Like a stalking ex-boyfriend I periodically check on her and her videos, just to see ner absolute perfection. 

Can someone please explain what wrangling is? In a canine sense.

Its turning out to be an amazing spring isnt it Deb?


----------



## ThaLadyPit (Oct 12, 2008)

WOW! OMG Lisa!! You go girl! Congrats to you and Tempest! When you can, please tell us what the name of the movie is and when it'll be released! I'm definately going to see it, with or without the kids!!! Please keep us posted!


----------



## BittersweetEmbrace (Feb 24, 2010)

performanceknls said:


> Leonard and I were talking about maybe getting a rescue bully from the pound. Since I have no interest in breeding that type of dog a mixed breed will be fine. I just have to have a rescue group pull it from the pound so I can keep the dog intact. I do not want a neutered male even though we are not going to breed it. I will have to keep my eye out for a 7-8 month old bully. If anyone one knows of one that needs rescuing I wouldn't mind paying shipping.
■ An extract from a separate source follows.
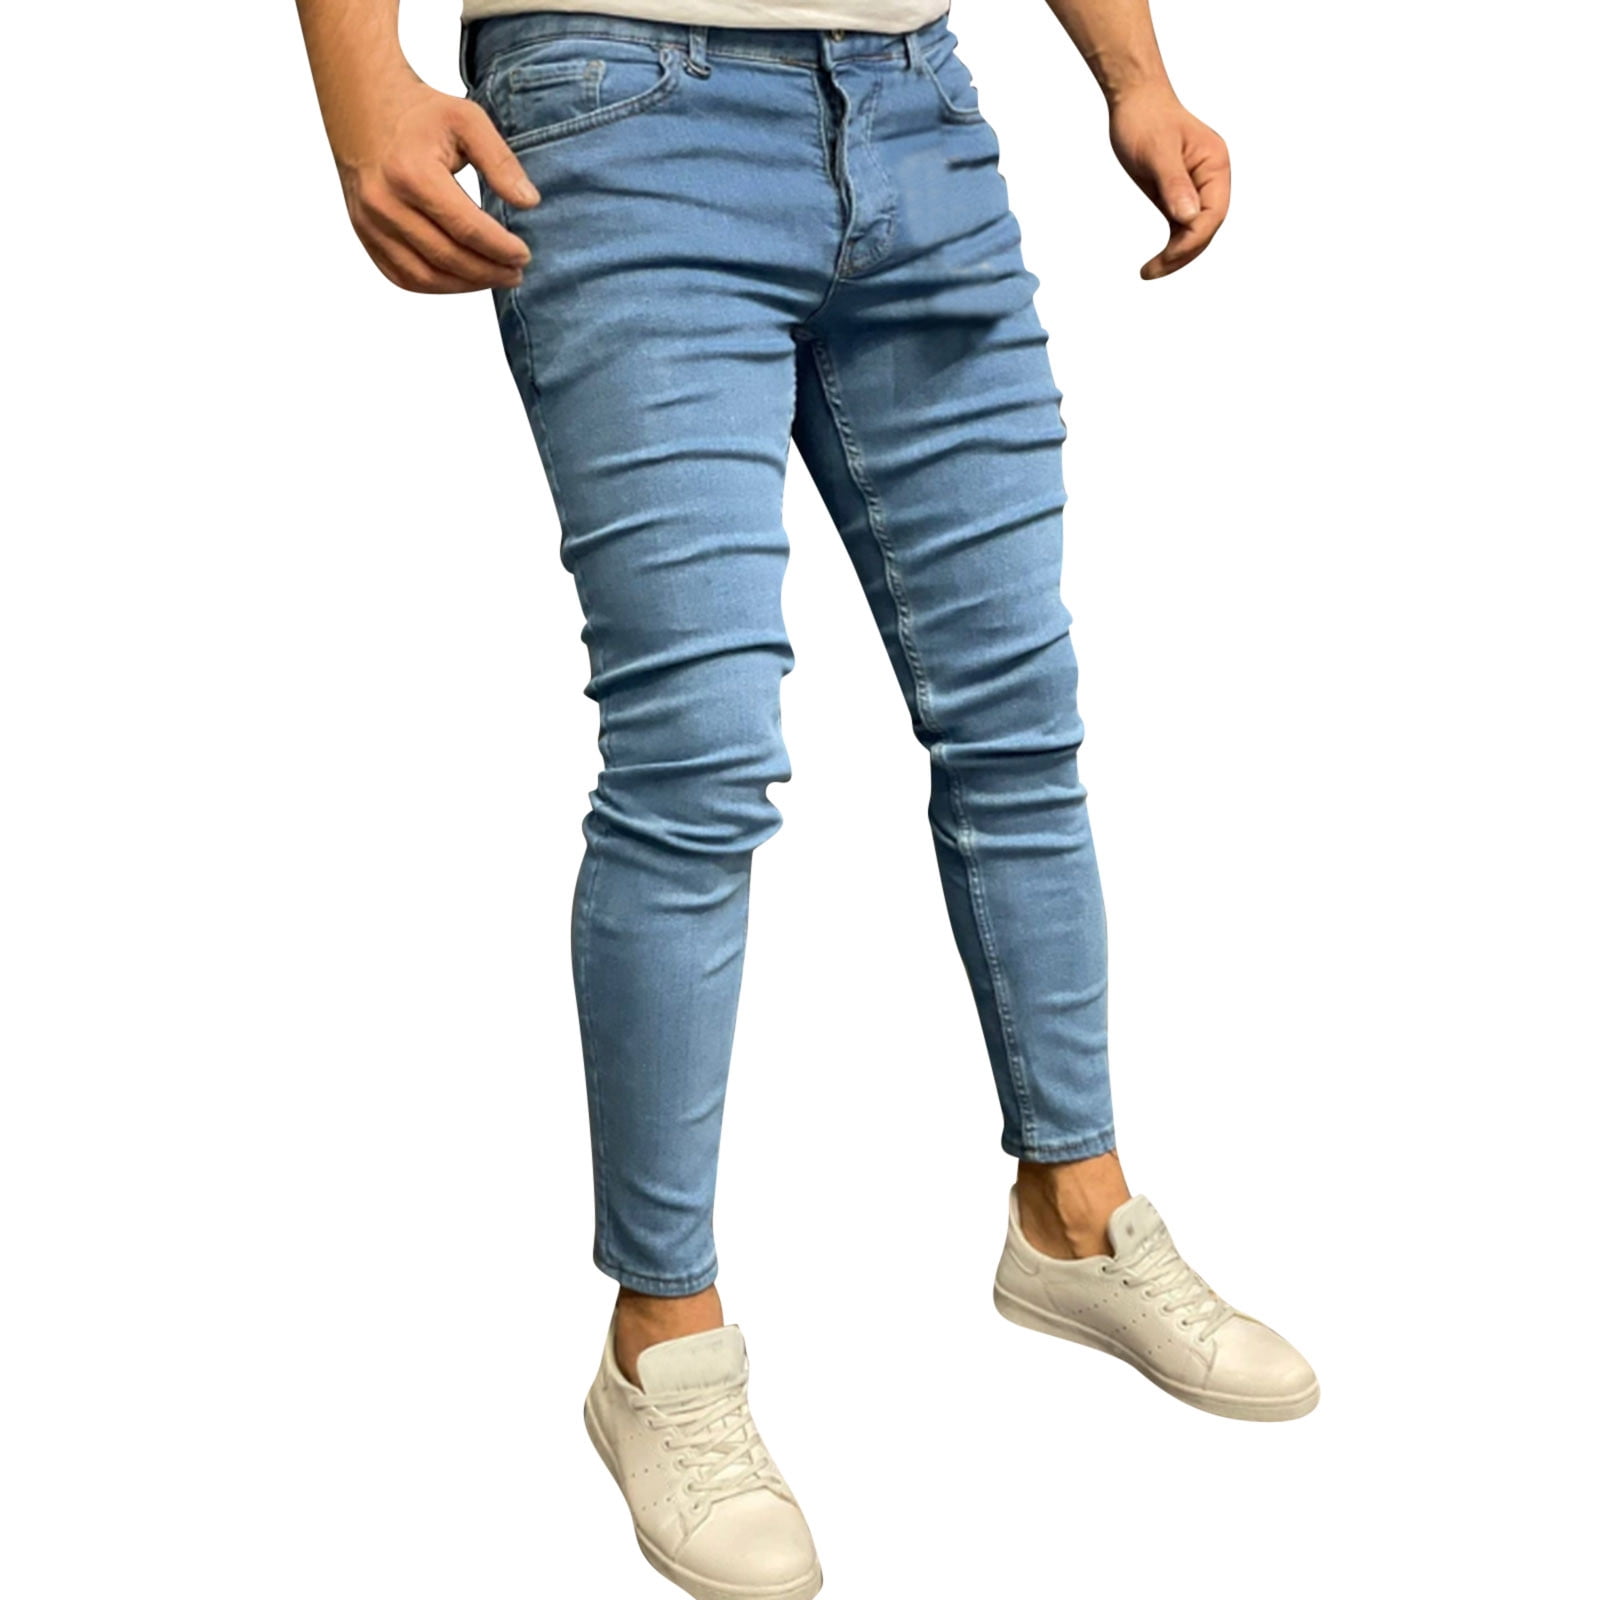 Buy Blue Jeans & Jeggings for Women by MEGHZ Online | Ajio.com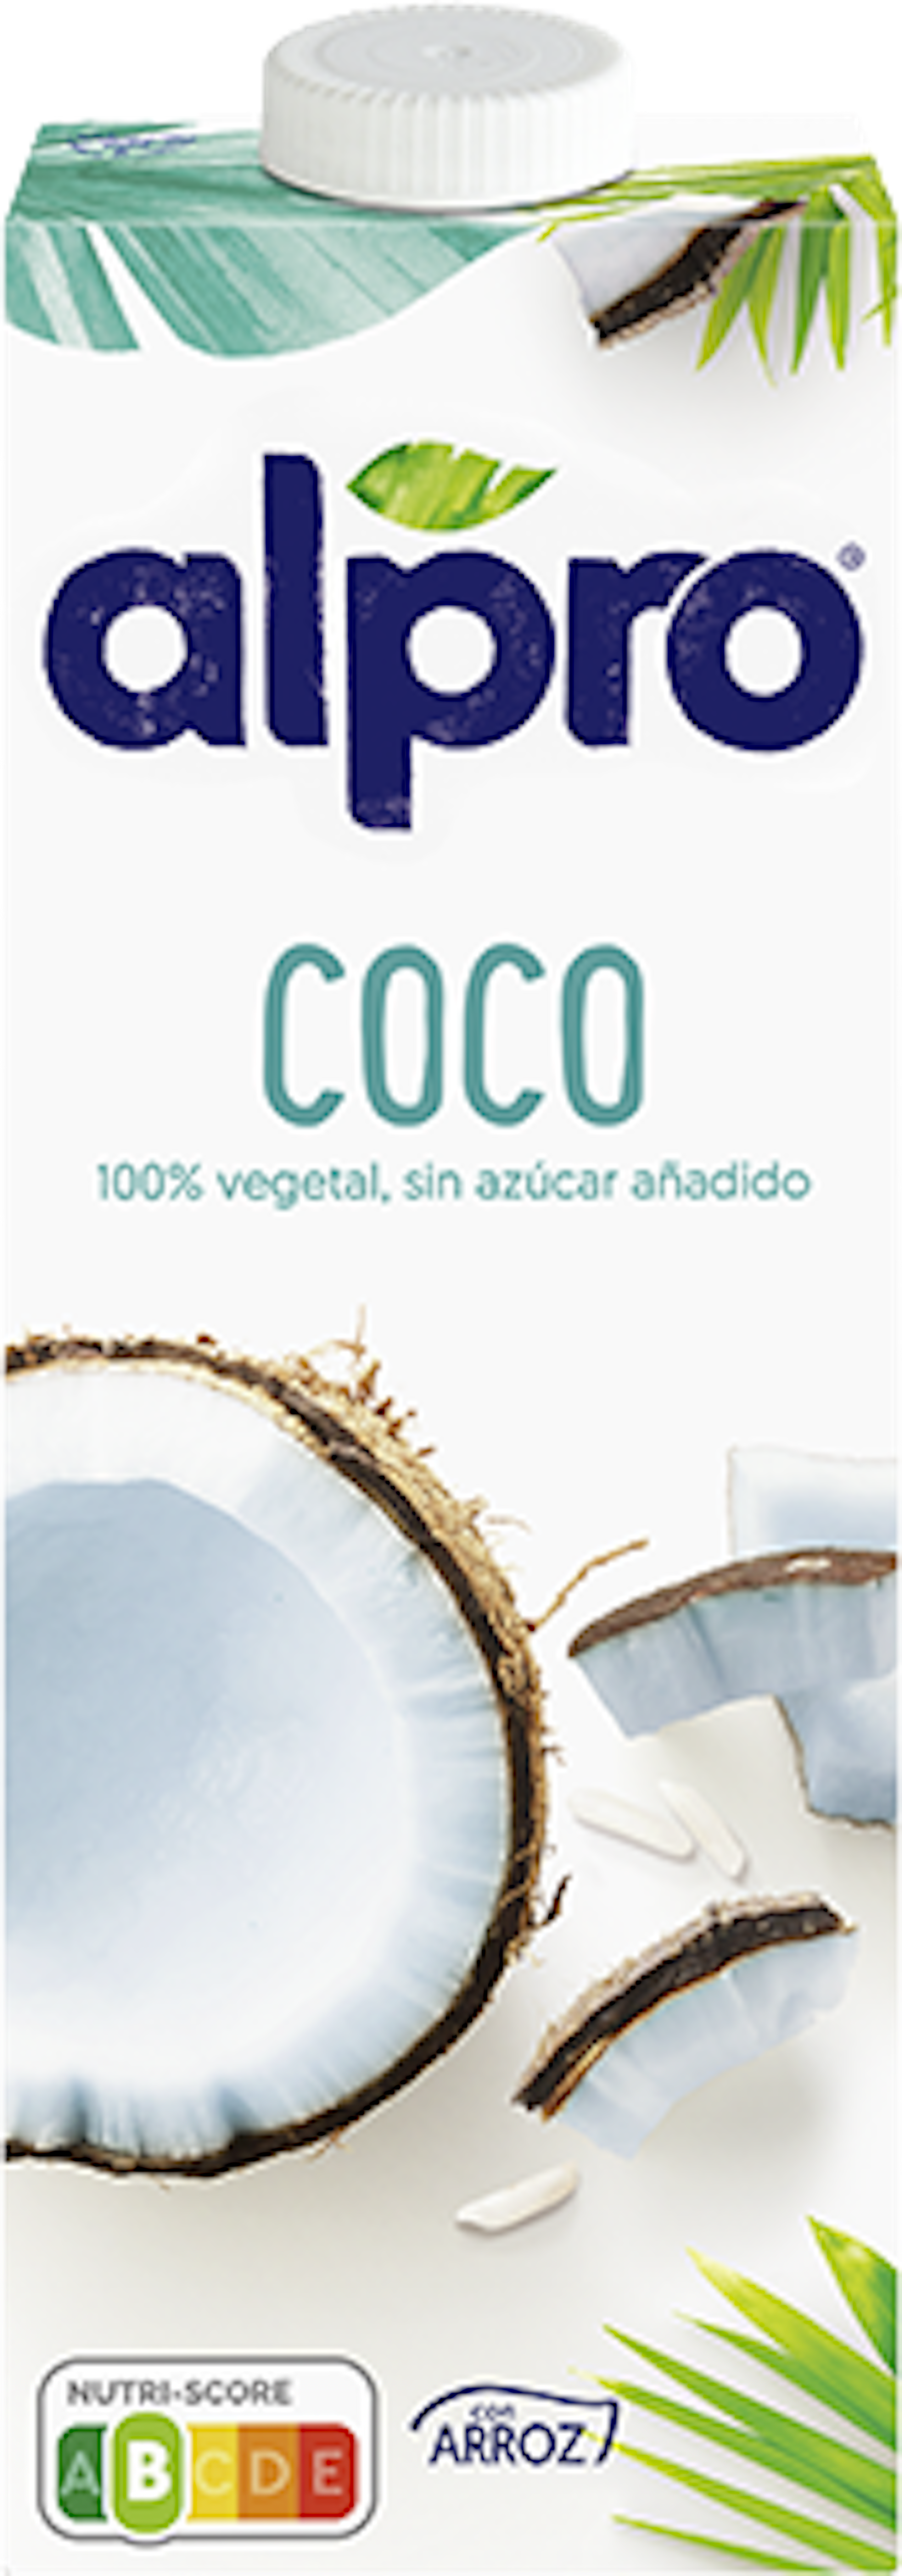 Coco Original

I can help you there!!! I'll PM you today so please look for it


----------



## BittersweetEmbrace (Feb 24, 2010)

K i messaged you! The dogs are in NM btw


----------



## BittersweetEmbrace (Feb 24, 2010)

I couldn't really find a place that had unfixed dogs


----------



## davidfitness83 (Jul 7, 2009)

Awesome Lisa ! Tempest looks so freaking pretty on that dock dogs pic with you. If you breed a bigger lower drive Bully I would take a female =) Bernie would be perfect for what you are looking for I started to lean him out he is at 78 pounds 22 inches tall. He'll be a year old in 2 months so my guess is that by the time he is two he is going to get to 80 pounds lean!


----------



## Pitcrew (Jan 19, 2008)

How totally awesome is that?? Congrats!!


----------



## brandicookie (Feb 3, 2010)

lol congrats party time ? lol good luck =] this is great. cant wait to see it ^__^
:woofarty over here woof woof :woof:
lol sorry . just made me really happy

:hammer:


jmejiaa said:


> Awesome. Break a leg Tempest!!!!


lol no .


----------



## performanceknls (Apr 4, 2009)

NinaThePitbull said:


> My favorite dog in the world.
> Like a stalking ex-boyfriend I periodically check on her and her videos, just to see ner absolute perfection.
> 
> Can someone please explain what wrangling is? In a canine sense.
> ...


lol Tempest has her fan club for sure  Wrangling is what the animal trainers on set are called. That is probably the easiest way to explain it. Animal wrangling can be every animal from horses and dogs to flys and bugs.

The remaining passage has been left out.